● Data segment
BEGIN
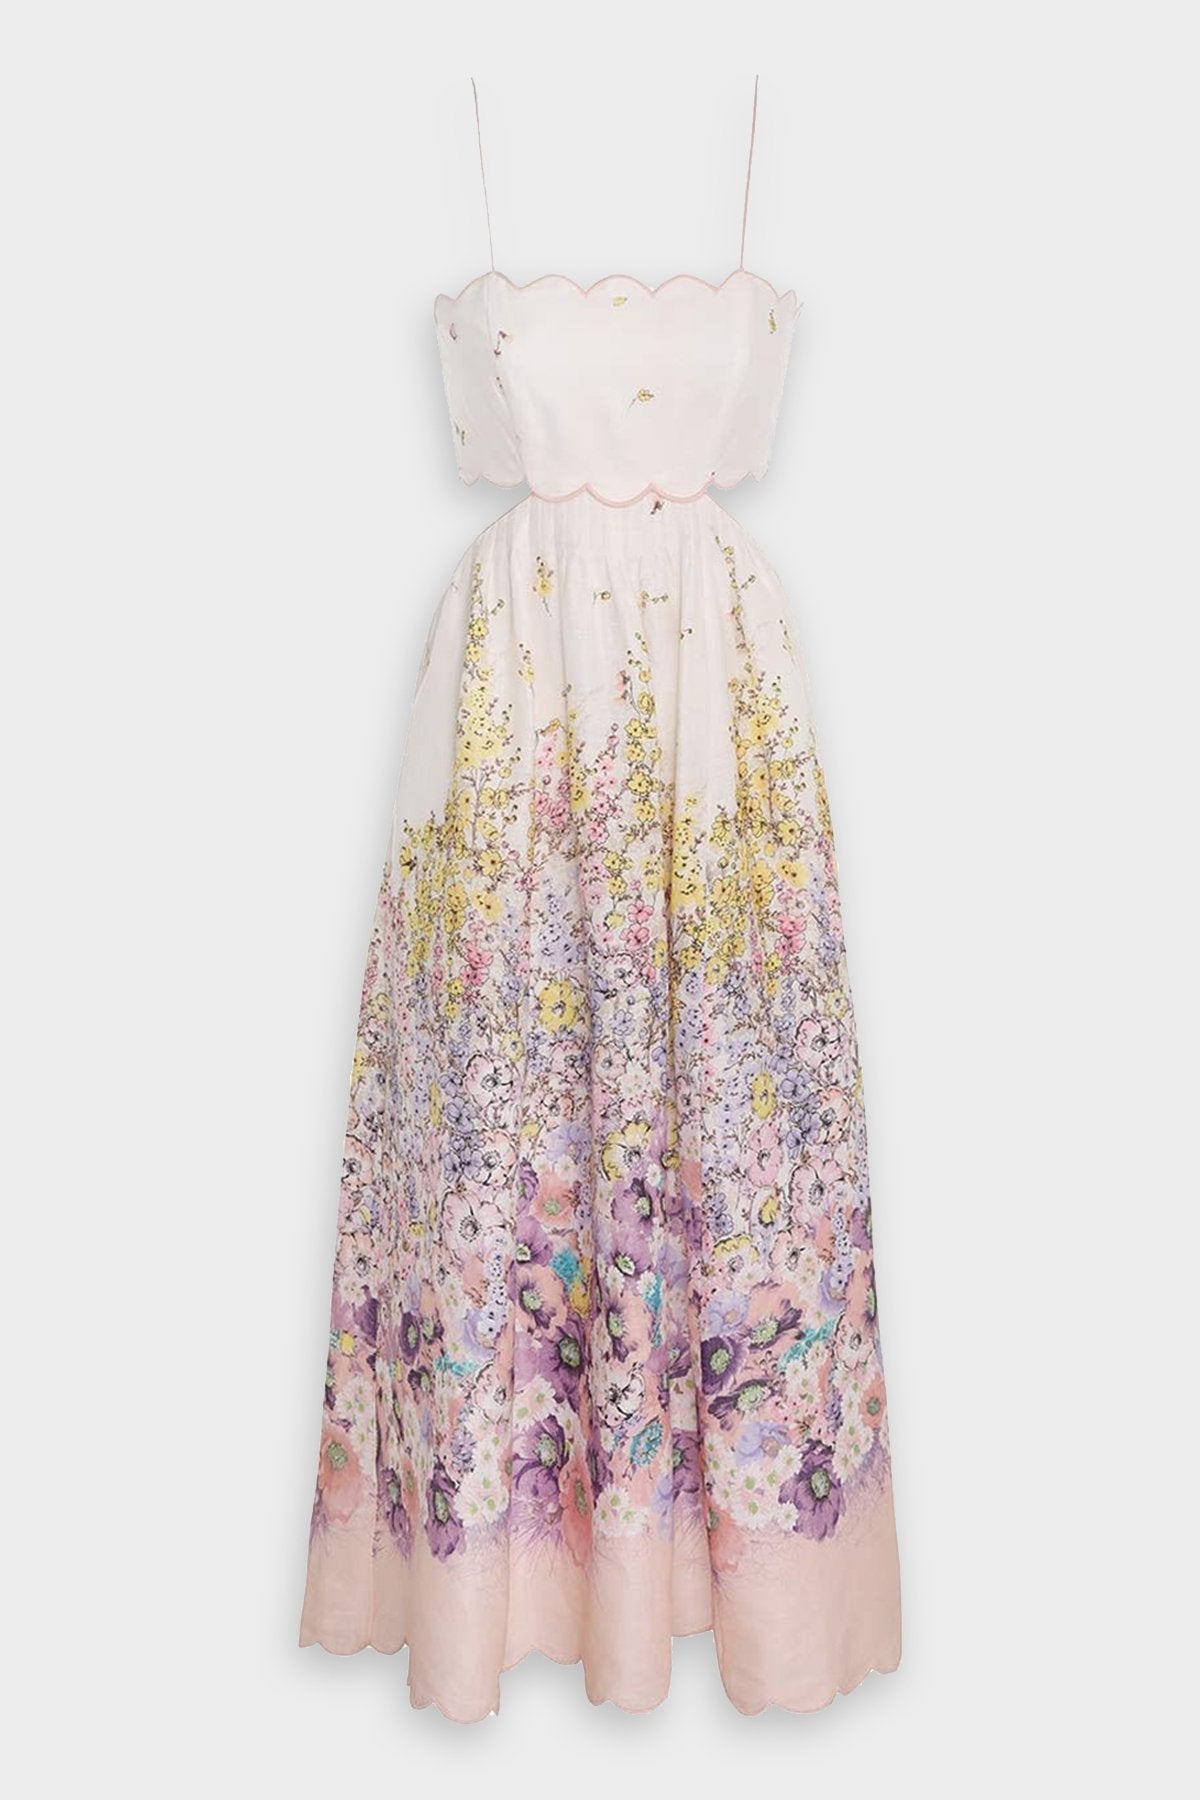 Jude Scallop Midi Dress in Peach Gradient Floral - shop-olivia.com
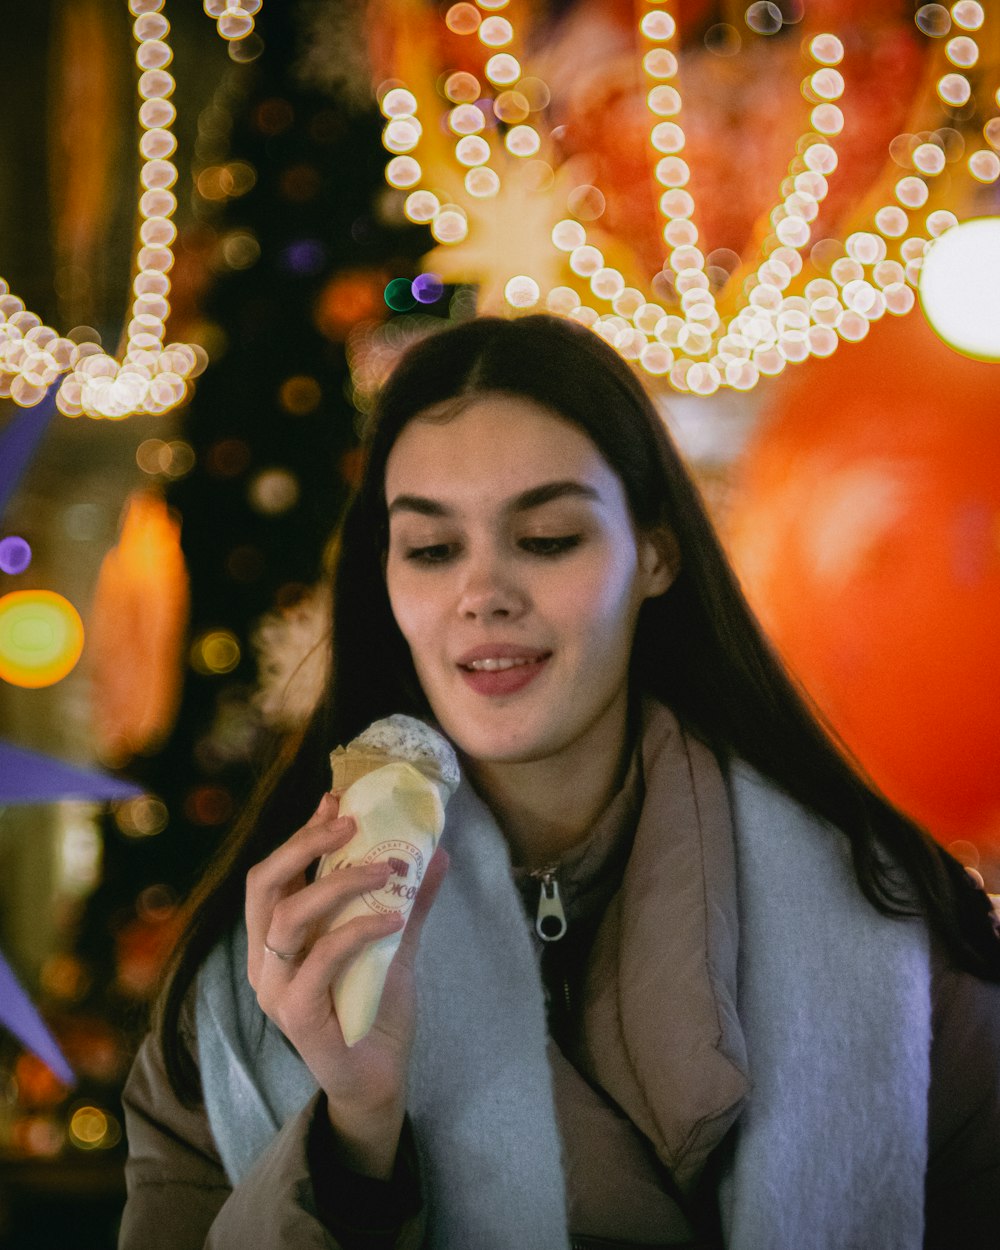 eine Frau, die vor einem Weihnachtsbaum einen Hot Dog isst
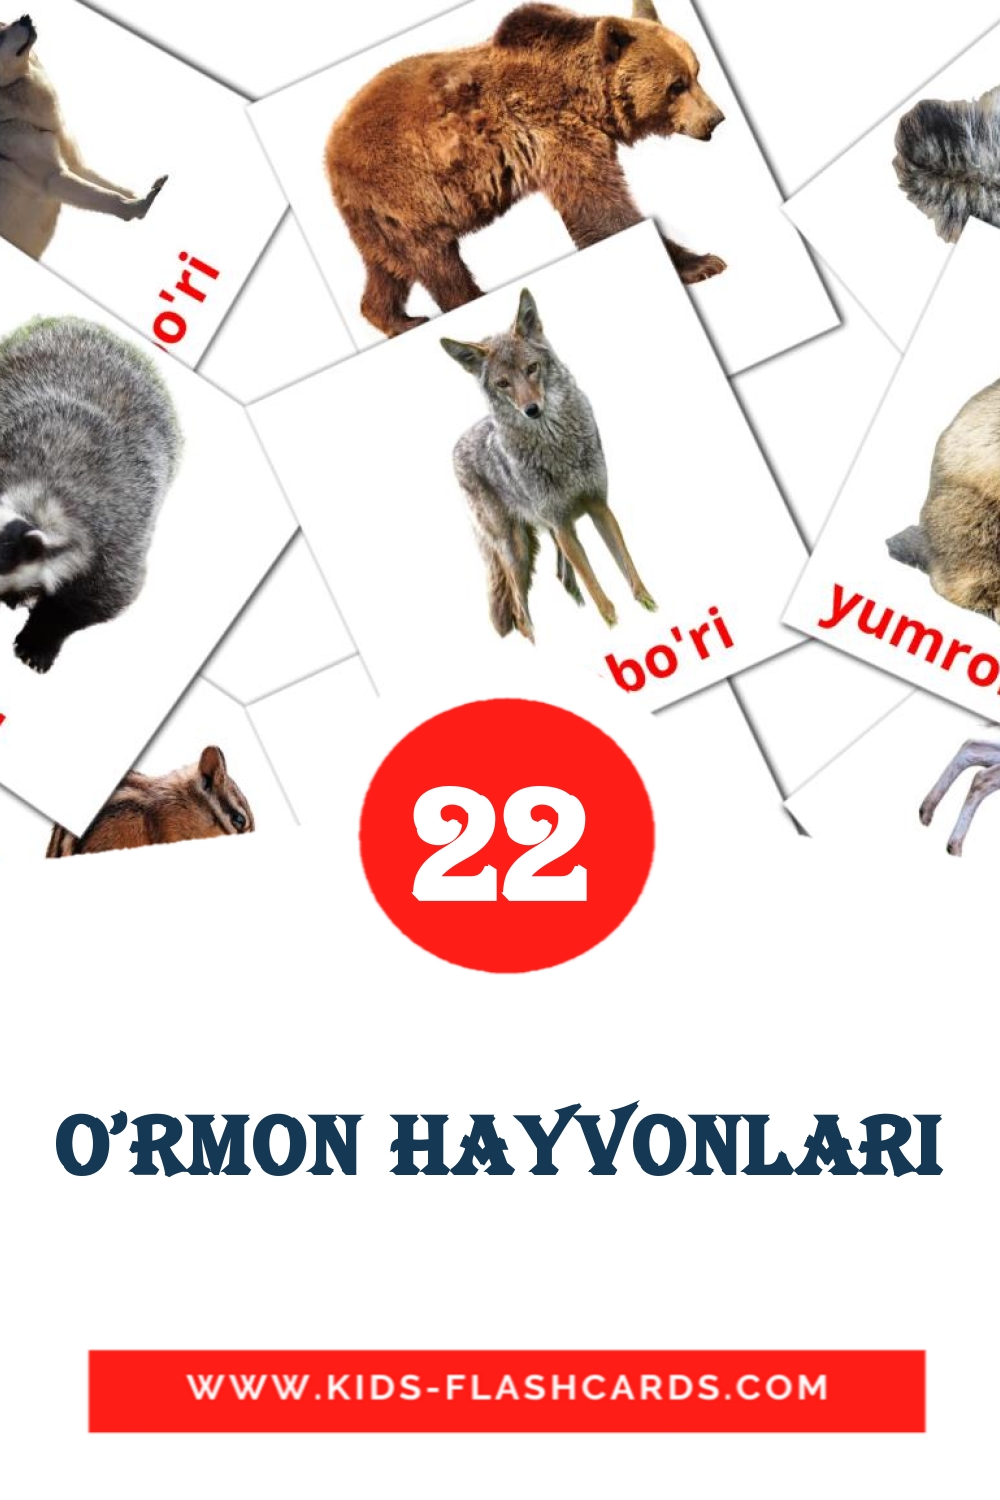 O'rmon hayvonlari на узбекском для Детского Сада (22 карточки)
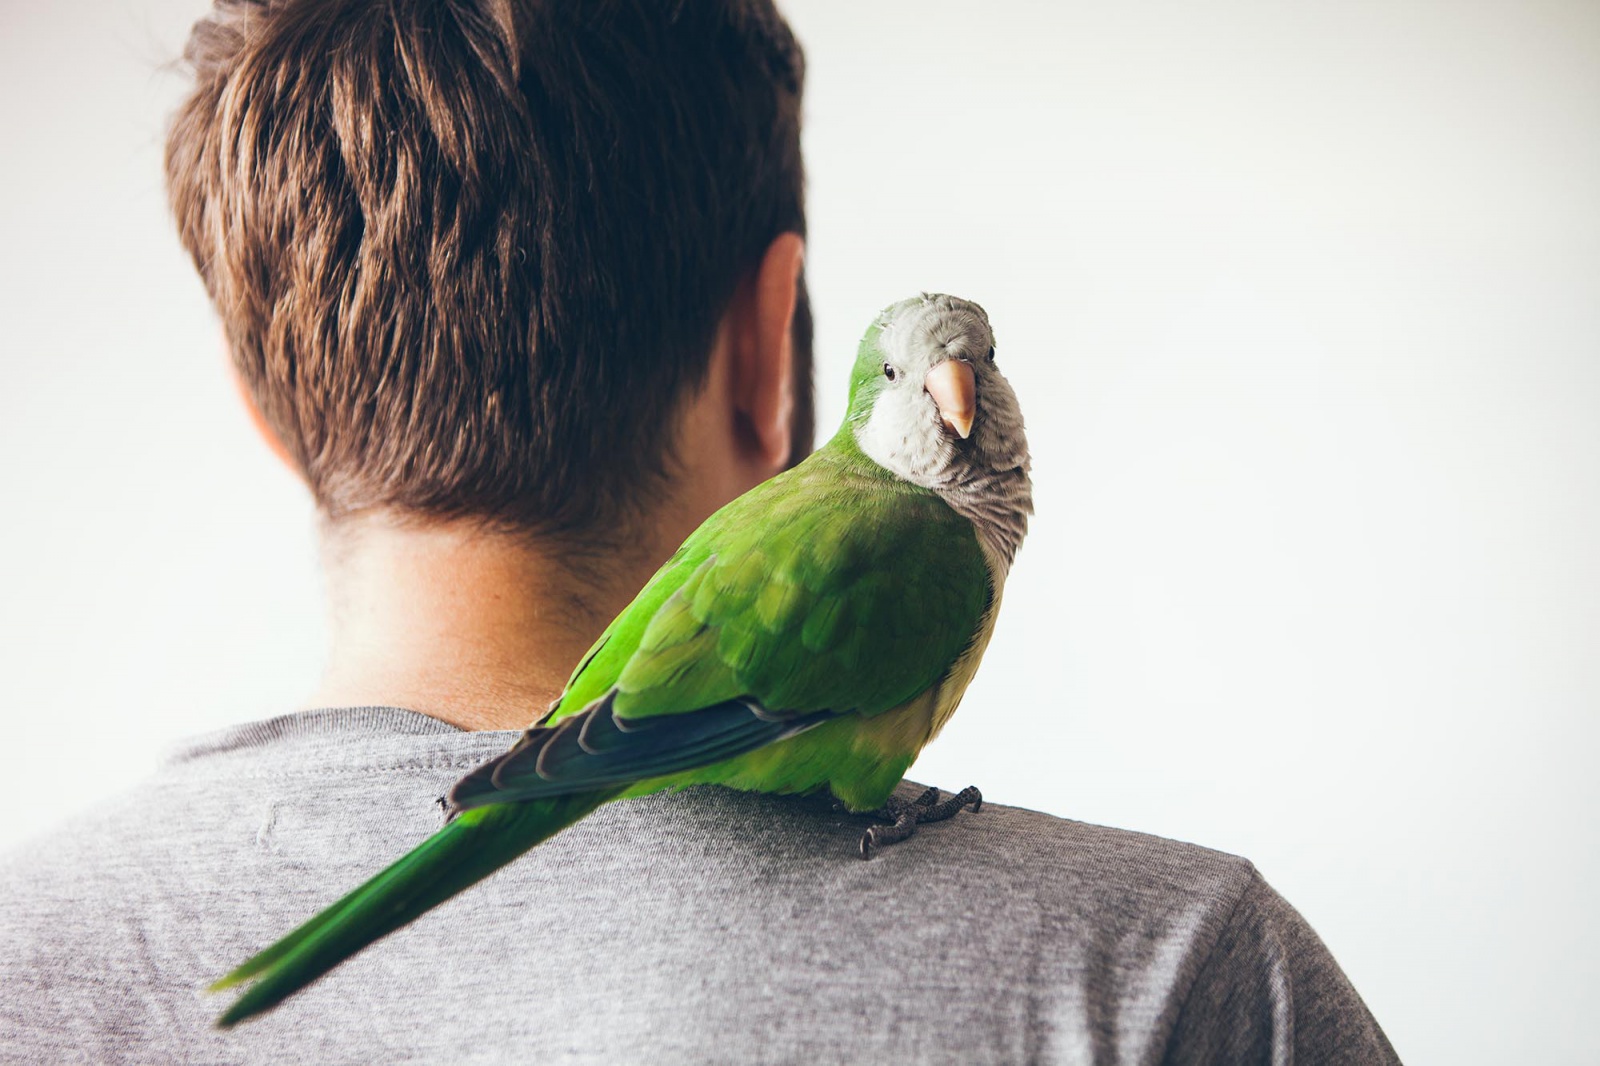 Náladový, upovídaný, věrný. Mít doma papouška není tak snadné, jak se zdá -  Benešovský deník
END
● What the exercise asks
Omit the pictures and write out exactly the lines from the one containing "O'rmon hayvonlari на" through the last line of the material.

● Task output
 O'rmon hayvonlari на узбекском для Детского Сада (22 карточки)
 Náladový, upovídaný, věrný. Mít doma papouška není tak snadné, jak se zdá -  Benešovský deník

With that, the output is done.